The voltage sensor of the mitochondrial permeability transition pore is tuned by the oxidation-reduction state of vicinal thiols. Increase of the gating potential by oxidants and its reversal by reducing agents.

Reaction of isolated mitochondria with a variety of agents that lead to oxidation or cross-linking of sulfhydryl groups leads to an increased "open" probability of the permeability transition pore, a cyclosporin A-sensitive channel. We have investigated the mechanism by which the pore is induced by menadione, diamide, arsenite, and tert-butylhydroperoxide. We find that these inducers increase the probability of pore opening by shifting its gating potential to higher values. Furthermore, the induced shift was prevented by treatment with N-ethylmaleimide or dithiothreitol.

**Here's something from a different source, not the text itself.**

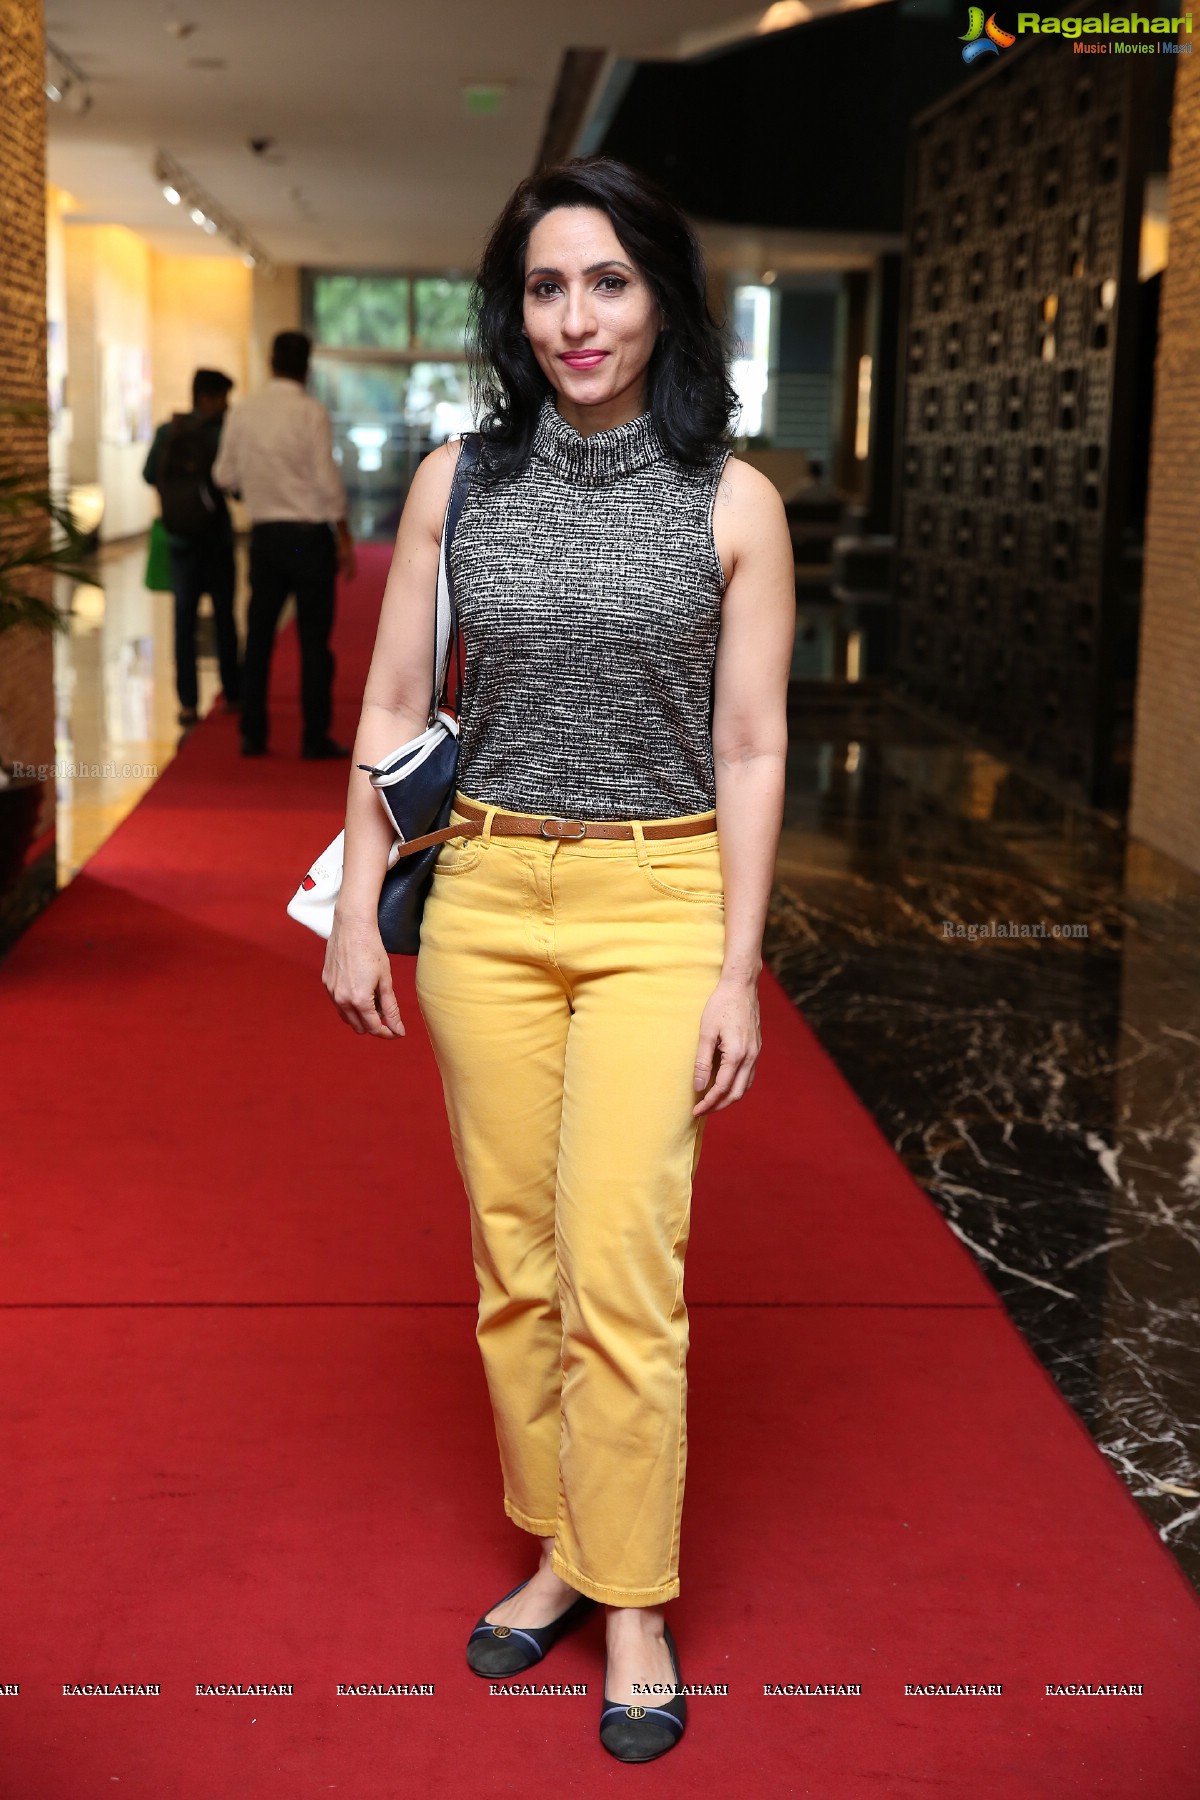 Swathi Deekshith launches Akritti Exhibition and Sale at Park Hyatt

At moderate levels of depolarization an apparent I50 for N-ethylmaleimide of bout 5 microM can be defined, while the N-ethylmaleimide or dithiothreitol effects are overcome by maximal depolarization. We conclude that the oxidation-reduction state of vicinal thiols in cysteinyl residues plays a critical role in tuning the voltage sensor of the transition pore, with an increase of gating potential (i.e. an increase in the probability of pore opening despite a high transmembrane potential difference) as the couple is poised to a more oxidized state. These findings may have implications for the mechanism of cell damage under oxidative stress.